Implantable Devices To Be Powered By The Battery You Could Actually Eat

Eating a battery sounds absolutely insane and I am sure anyone wouldn’t take the risk of having an internal lethal injury. However, when it comes to biodegradable battery that delivers healing from within, which once out of power gets absorbed by the body, maybe it’s worth taking a note.

For years, scientists have been working to develop implantable devices that absolutely requires no major maintenance such as replacing expired battery. Well, this biodegradable, implantable battery which is the brainchild of John Rogers, might be the answer to that.

During an event at Urbana-Champaign in 2012, John Rogers, materials scientist at the University of Illinois and his team unveiled a number of biodegradable silicon chips that could track temperature or mechanical strain and forward the results to external device . Unfortunately, those devices were relatively bulky and serviceably too complex to use that they later had to look for a smart solution – “Biodegradable Battery”.

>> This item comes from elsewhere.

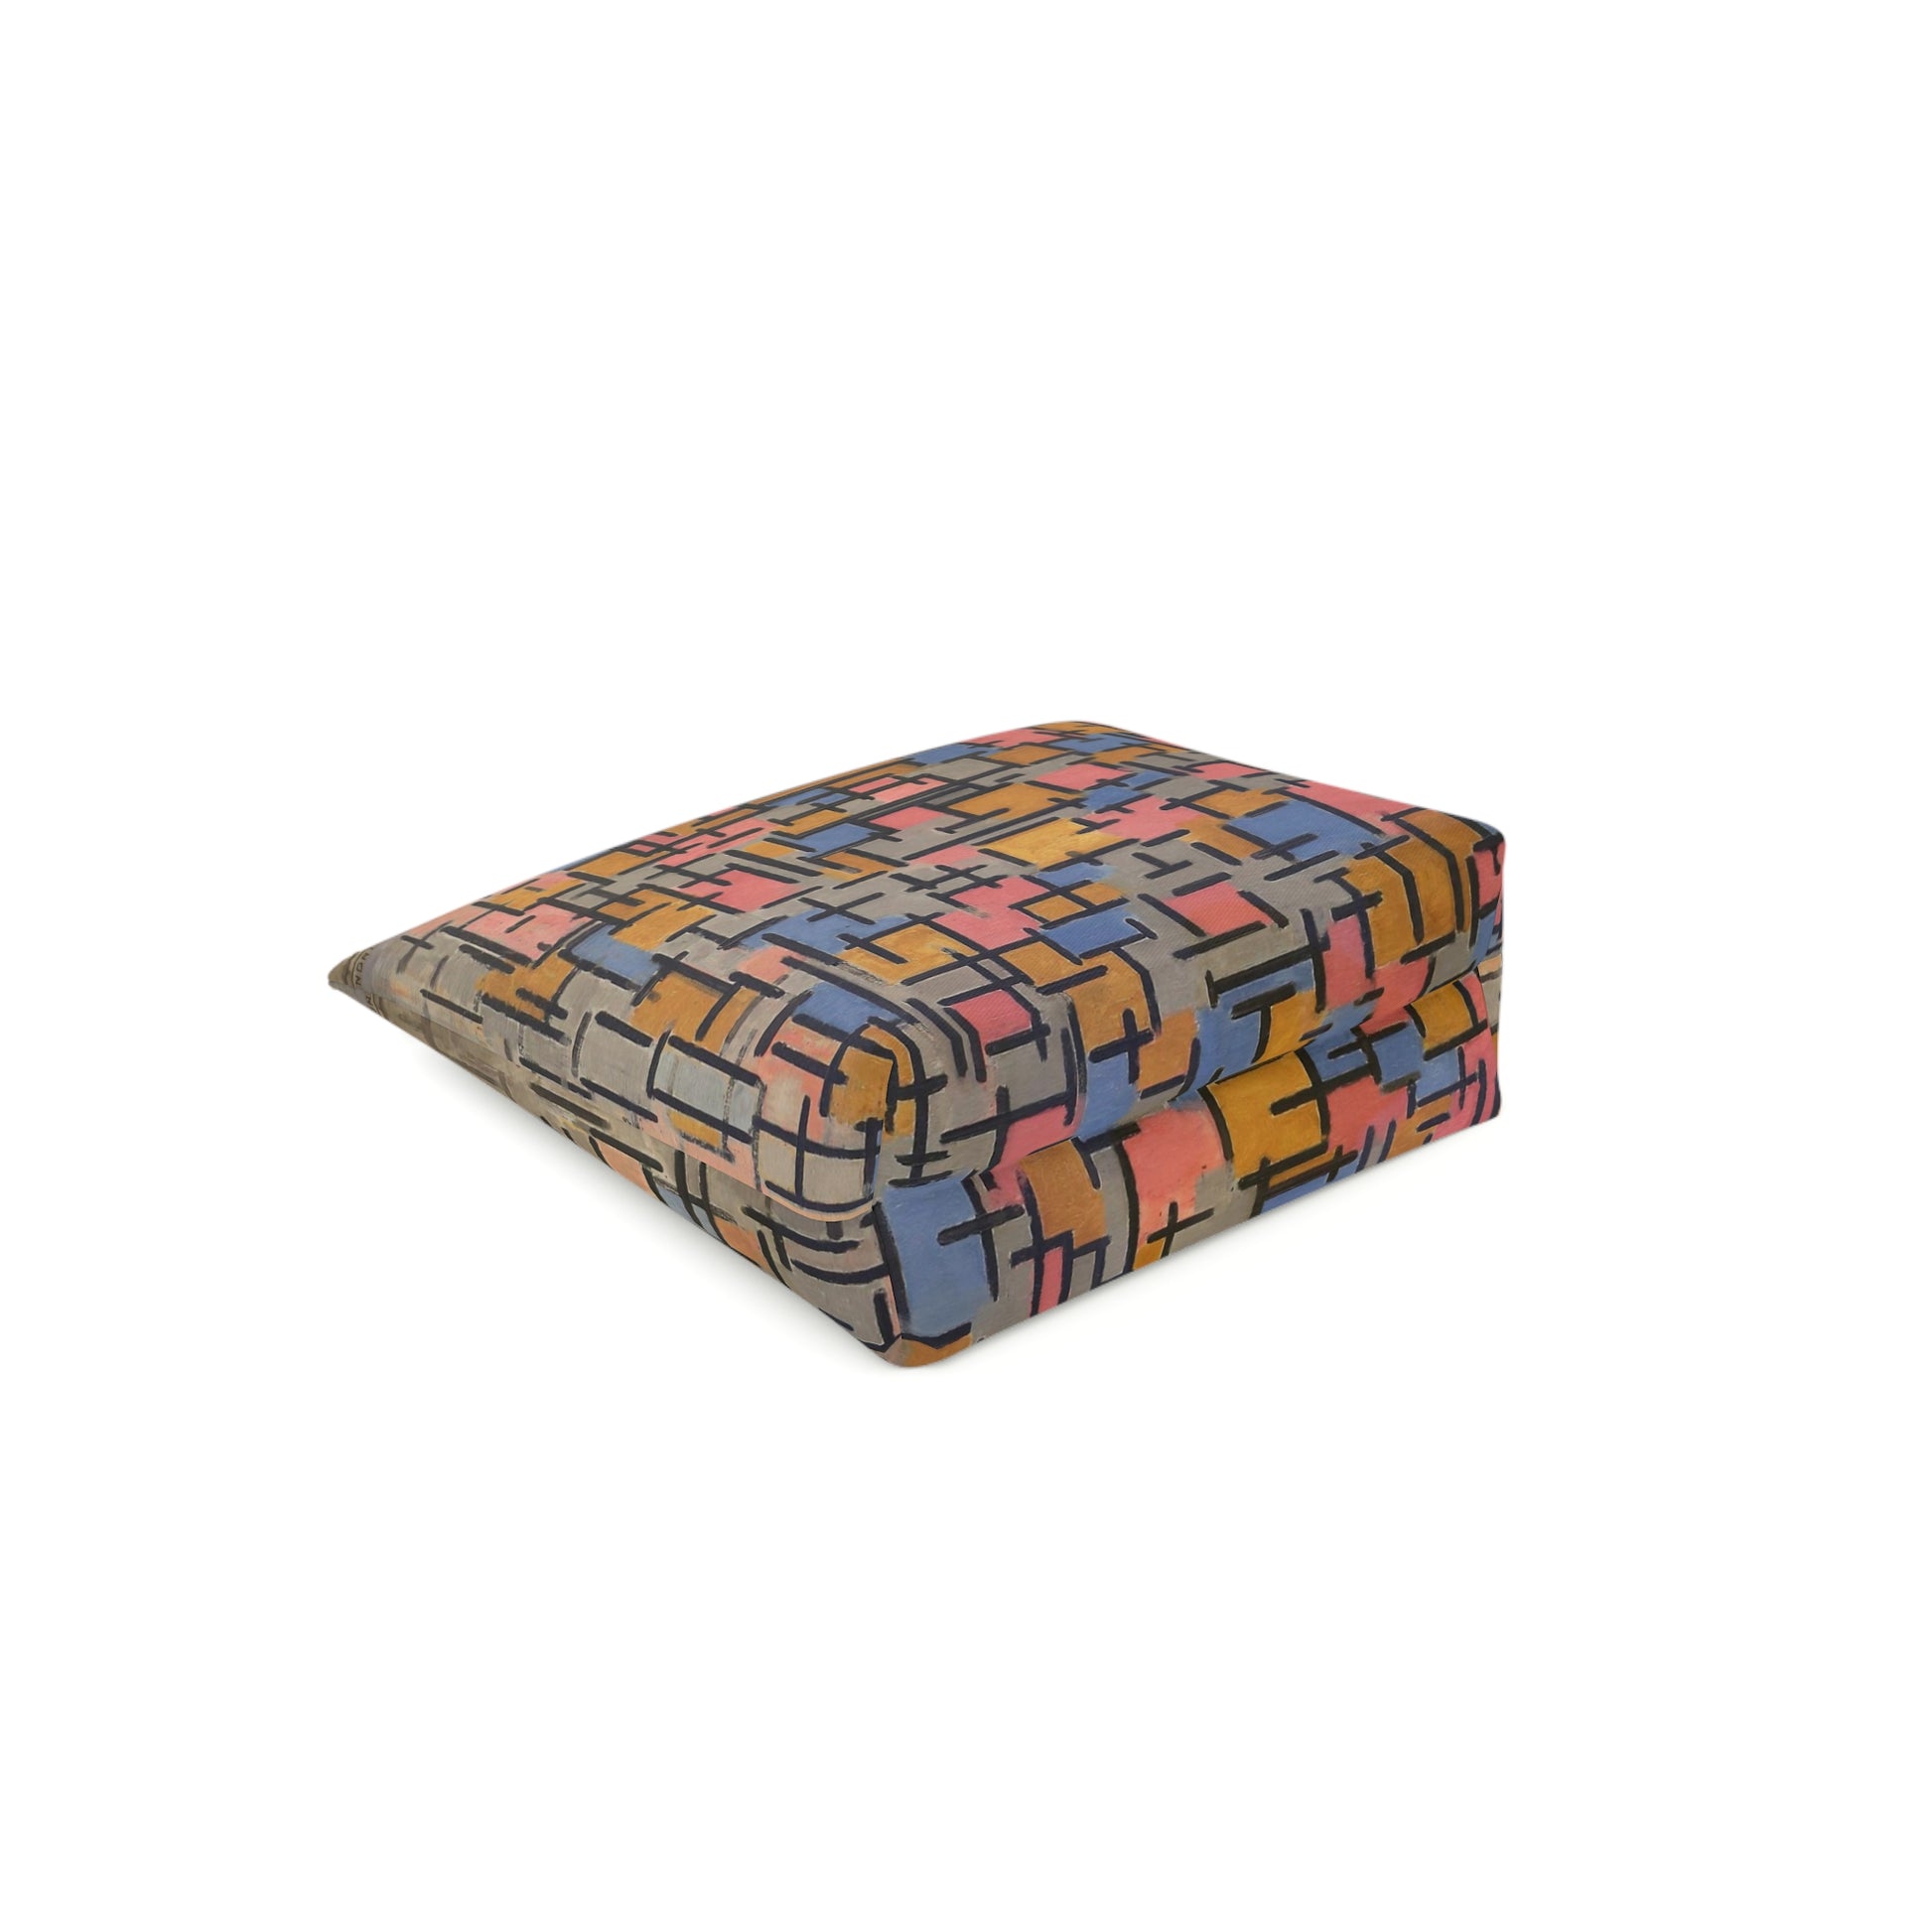 a multicolored box cushion on a white background

The devices, entitled Advanced Materials, use magnesium foil, iron, molybdenum, and tungsten. These metals conduct electricity when they come in contact with phosphate-buffered saline solution which is an electrolyte. All these metals including the electrolyte were packed up in a biodegradable polymer known as a polyanhydride.

The metals used in the experiment determined the currents and voltages. Based on the example they assumed and the metals they used, one-square-centimetre cell with a 50-micrometre-thick magnesium anode and an 8-micrometre-thick molybdenum cathode could produce a steady 2.4 milliamps of current. Once they were done with the reaction, the battery dissolved itself leaving nothing behind and released less than 9 milligrams of magnesium, this amount of concentration of magnesium is absolutely harmless for the body. “Almost all of the key building blocks are now available to produce self-powered, biodegradable implants”, John Rogers told Nature.

The device could be helpful for a number of medical and environmental applications and in the development of biomedical devices.